Assigned task:
The answer is a number and only a number: how many lines of the data include the string "designed"?

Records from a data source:

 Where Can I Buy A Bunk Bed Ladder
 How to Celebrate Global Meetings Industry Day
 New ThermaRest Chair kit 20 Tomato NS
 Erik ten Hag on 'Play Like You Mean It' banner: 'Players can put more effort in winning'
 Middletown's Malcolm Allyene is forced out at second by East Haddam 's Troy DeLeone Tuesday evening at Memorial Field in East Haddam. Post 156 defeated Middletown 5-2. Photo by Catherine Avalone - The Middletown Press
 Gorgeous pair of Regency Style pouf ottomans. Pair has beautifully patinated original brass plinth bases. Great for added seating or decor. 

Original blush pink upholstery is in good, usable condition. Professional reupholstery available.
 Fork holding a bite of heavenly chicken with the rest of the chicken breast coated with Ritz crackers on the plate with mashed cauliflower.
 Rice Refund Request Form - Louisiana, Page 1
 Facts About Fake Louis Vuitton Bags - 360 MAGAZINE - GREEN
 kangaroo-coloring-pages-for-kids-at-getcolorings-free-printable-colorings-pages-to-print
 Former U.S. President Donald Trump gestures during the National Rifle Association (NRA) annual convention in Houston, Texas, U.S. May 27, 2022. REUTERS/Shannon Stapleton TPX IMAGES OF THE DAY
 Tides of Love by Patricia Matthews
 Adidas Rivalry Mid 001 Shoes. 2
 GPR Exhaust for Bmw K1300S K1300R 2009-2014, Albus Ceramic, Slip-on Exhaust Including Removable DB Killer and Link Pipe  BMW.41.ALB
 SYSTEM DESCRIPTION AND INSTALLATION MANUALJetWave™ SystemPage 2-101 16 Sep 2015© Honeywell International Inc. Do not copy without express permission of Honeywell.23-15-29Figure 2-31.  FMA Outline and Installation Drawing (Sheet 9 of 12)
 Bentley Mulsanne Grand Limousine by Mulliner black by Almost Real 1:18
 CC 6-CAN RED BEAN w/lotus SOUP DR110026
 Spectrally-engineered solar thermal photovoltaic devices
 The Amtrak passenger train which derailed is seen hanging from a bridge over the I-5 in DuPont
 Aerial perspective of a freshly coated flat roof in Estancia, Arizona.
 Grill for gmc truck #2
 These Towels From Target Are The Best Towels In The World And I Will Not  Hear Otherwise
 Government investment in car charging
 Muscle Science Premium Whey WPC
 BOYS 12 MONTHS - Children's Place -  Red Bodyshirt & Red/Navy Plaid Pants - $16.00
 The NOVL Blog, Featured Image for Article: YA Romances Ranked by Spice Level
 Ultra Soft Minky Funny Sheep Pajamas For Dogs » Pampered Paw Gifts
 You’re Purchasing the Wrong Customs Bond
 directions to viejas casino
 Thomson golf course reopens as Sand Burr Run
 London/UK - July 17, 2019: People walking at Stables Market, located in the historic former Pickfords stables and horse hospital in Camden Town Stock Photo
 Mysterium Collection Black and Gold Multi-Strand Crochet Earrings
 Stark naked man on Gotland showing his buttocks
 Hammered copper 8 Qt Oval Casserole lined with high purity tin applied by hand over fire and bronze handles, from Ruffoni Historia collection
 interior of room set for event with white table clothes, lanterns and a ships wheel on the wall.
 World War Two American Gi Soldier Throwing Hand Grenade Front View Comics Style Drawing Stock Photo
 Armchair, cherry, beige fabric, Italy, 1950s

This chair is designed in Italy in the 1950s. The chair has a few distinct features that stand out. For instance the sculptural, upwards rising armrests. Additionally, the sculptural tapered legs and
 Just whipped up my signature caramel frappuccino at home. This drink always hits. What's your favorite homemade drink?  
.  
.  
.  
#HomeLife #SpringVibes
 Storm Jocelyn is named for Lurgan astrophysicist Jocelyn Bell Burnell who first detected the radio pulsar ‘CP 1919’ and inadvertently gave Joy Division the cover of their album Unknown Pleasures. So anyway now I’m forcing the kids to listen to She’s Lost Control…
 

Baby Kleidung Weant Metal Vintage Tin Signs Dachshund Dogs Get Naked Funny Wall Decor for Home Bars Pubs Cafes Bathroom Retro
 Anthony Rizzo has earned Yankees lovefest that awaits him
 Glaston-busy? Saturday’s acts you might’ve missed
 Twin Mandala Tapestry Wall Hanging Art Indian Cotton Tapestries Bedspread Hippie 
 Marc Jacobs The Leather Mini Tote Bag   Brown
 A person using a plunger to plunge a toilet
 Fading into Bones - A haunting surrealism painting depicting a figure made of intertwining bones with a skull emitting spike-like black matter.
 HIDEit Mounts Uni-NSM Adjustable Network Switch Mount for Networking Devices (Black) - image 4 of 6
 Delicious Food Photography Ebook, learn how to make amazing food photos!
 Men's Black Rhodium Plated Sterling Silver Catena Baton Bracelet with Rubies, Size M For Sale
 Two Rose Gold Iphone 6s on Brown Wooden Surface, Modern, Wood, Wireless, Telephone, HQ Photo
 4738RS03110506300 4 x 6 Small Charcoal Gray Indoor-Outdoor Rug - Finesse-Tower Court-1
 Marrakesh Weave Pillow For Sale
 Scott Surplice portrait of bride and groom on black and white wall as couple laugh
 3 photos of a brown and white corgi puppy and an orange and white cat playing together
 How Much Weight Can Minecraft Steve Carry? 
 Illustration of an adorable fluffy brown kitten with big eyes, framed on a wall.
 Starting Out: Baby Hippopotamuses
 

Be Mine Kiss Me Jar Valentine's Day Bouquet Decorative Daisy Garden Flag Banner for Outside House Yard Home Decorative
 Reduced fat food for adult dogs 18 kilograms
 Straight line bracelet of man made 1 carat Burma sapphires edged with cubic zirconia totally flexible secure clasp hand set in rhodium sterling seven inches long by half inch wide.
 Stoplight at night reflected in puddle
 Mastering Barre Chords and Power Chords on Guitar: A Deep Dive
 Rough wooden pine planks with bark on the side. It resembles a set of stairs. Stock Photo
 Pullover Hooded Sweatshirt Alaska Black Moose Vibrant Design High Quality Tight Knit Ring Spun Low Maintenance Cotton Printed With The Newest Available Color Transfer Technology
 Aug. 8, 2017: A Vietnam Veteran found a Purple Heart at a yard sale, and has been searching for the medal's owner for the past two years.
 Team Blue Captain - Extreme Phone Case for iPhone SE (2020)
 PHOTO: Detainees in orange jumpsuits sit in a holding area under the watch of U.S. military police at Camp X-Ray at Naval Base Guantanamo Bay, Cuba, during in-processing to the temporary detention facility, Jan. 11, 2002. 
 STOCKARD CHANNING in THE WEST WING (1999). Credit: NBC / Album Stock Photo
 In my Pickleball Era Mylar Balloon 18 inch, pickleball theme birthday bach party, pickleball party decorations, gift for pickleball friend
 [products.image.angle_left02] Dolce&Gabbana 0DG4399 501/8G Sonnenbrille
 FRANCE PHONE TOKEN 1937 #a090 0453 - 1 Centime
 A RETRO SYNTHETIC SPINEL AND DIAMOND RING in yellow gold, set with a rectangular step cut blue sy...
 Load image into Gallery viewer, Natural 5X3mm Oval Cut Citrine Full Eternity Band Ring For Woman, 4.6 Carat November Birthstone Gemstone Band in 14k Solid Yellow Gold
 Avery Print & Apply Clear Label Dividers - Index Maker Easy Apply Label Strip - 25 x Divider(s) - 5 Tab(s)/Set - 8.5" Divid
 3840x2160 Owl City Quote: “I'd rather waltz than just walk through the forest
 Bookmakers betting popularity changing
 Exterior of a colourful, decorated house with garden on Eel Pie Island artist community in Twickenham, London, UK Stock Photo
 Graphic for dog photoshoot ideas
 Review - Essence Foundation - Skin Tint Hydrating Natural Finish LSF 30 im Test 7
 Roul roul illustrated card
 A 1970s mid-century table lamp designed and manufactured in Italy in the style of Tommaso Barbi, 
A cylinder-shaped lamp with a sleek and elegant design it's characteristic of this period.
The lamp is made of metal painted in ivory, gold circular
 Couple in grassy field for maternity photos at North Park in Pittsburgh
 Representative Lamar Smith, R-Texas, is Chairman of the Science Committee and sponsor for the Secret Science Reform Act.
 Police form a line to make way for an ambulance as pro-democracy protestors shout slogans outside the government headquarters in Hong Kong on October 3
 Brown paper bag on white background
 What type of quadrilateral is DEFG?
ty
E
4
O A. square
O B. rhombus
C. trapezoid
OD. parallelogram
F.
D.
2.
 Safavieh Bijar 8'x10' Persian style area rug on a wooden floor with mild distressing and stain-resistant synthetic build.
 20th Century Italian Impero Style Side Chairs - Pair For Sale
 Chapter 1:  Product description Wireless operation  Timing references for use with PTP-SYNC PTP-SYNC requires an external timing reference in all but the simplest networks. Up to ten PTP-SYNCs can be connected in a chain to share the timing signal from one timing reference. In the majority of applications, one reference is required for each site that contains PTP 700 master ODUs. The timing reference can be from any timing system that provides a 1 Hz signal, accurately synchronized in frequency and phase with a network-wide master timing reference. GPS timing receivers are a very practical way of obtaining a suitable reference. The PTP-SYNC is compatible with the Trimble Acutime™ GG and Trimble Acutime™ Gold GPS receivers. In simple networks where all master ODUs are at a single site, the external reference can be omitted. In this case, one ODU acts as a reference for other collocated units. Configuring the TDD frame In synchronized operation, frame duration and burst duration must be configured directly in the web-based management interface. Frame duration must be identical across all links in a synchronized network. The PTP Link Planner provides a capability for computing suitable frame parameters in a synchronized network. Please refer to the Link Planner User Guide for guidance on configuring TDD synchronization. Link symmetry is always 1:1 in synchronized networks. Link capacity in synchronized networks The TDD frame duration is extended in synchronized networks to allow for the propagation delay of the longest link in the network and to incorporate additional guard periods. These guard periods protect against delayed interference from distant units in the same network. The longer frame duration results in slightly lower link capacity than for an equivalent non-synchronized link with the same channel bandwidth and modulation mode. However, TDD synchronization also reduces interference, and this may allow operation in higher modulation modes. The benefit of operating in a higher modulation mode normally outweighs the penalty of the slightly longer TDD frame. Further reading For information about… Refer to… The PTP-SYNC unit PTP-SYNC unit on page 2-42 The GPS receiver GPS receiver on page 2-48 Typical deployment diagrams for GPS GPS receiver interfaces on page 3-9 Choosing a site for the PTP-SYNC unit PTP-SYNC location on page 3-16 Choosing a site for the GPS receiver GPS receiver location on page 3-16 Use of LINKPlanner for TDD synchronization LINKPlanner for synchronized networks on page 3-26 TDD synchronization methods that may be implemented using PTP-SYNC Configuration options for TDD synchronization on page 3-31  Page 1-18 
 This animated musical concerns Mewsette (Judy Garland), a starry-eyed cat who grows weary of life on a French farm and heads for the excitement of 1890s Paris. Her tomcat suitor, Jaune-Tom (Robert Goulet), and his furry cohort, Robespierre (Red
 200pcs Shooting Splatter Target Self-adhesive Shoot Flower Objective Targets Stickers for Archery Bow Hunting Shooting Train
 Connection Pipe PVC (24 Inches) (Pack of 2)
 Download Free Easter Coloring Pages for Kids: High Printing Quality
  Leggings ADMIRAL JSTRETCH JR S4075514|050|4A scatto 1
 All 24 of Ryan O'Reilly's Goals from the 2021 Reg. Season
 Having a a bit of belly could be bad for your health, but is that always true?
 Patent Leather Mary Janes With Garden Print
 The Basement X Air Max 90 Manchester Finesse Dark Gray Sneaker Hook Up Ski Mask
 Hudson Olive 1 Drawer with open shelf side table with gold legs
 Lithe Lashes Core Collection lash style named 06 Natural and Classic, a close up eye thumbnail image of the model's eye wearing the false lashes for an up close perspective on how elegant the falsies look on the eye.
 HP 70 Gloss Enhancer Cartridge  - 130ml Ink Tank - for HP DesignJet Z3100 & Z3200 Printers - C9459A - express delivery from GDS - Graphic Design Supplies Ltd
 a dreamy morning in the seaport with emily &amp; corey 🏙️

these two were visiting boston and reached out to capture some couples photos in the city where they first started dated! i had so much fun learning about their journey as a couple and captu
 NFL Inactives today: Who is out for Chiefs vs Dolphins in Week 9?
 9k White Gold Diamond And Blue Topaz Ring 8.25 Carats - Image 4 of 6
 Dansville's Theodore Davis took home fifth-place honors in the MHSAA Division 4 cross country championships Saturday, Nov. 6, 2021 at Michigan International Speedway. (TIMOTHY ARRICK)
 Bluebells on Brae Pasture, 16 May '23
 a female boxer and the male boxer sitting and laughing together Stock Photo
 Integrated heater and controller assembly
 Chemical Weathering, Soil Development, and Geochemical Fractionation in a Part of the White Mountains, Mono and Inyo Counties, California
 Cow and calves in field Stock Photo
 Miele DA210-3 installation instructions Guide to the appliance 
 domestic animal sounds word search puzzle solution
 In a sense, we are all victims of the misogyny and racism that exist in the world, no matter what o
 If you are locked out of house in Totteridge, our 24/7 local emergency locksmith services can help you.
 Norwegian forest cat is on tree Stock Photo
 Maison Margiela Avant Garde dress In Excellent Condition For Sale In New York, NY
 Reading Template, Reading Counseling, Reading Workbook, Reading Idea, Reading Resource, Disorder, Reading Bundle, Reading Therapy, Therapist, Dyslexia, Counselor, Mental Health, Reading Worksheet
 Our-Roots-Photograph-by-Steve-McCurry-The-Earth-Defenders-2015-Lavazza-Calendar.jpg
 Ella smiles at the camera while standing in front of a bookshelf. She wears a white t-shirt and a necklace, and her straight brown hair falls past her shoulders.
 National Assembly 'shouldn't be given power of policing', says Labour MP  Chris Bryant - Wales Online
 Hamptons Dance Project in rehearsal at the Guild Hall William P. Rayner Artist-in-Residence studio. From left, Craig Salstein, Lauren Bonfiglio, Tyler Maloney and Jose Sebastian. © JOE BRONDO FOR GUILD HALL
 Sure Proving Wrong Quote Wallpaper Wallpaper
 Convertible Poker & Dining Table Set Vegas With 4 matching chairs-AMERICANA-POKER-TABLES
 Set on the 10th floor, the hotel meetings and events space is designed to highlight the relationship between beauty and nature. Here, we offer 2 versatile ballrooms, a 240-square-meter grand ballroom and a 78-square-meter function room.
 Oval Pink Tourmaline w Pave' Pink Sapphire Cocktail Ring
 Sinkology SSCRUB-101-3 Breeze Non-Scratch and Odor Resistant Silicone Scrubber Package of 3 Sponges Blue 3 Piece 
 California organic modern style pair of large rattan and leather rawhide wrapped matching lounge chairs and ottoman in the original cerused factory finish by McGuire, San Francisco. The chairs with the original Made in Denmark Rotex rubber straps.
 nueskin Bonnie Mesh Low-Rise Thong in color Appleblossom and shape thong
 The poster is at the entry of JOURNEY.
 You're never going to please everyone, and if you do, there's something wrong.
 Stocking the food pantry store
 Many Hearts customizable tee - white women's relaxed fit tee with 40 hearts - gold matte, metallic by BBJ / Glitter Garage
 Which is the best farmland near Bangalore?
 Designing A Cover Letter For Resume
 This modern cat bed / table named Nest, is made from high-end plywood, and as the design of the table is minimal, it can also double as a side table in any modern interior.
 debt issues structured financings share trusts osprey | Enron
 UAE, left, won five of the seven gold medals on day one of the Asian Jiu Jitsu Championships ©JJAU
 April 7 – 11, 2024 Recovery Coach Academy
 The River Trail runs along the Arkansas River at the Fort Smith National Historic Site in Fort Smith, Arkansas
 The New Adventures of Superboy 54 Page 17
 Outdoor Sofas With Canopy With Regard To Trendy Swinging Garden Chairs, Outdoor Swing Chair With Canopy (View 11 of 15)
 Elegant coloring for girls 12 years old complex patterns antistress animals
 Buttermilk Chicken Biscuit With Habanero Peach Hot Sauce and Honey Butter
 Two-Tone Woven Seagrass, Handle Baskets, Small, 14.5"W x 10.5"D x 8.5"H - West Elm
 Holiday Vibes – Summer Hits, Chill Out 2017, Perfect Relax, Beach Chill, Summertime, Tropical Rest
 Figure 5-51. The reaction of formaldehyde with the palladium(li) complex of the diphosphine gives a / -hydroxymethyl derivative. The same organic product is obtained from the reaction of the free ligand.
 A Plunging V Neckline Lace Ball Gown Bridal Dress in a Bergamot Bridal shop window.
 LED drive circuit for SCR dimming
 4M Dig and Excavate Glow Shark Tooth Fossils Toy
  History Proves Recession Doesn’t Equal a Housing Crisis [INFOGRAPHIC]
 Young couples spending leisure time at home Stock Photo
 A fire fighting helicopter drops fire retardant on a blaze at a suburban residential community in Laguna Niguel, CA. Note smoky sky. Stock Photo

Task output:
3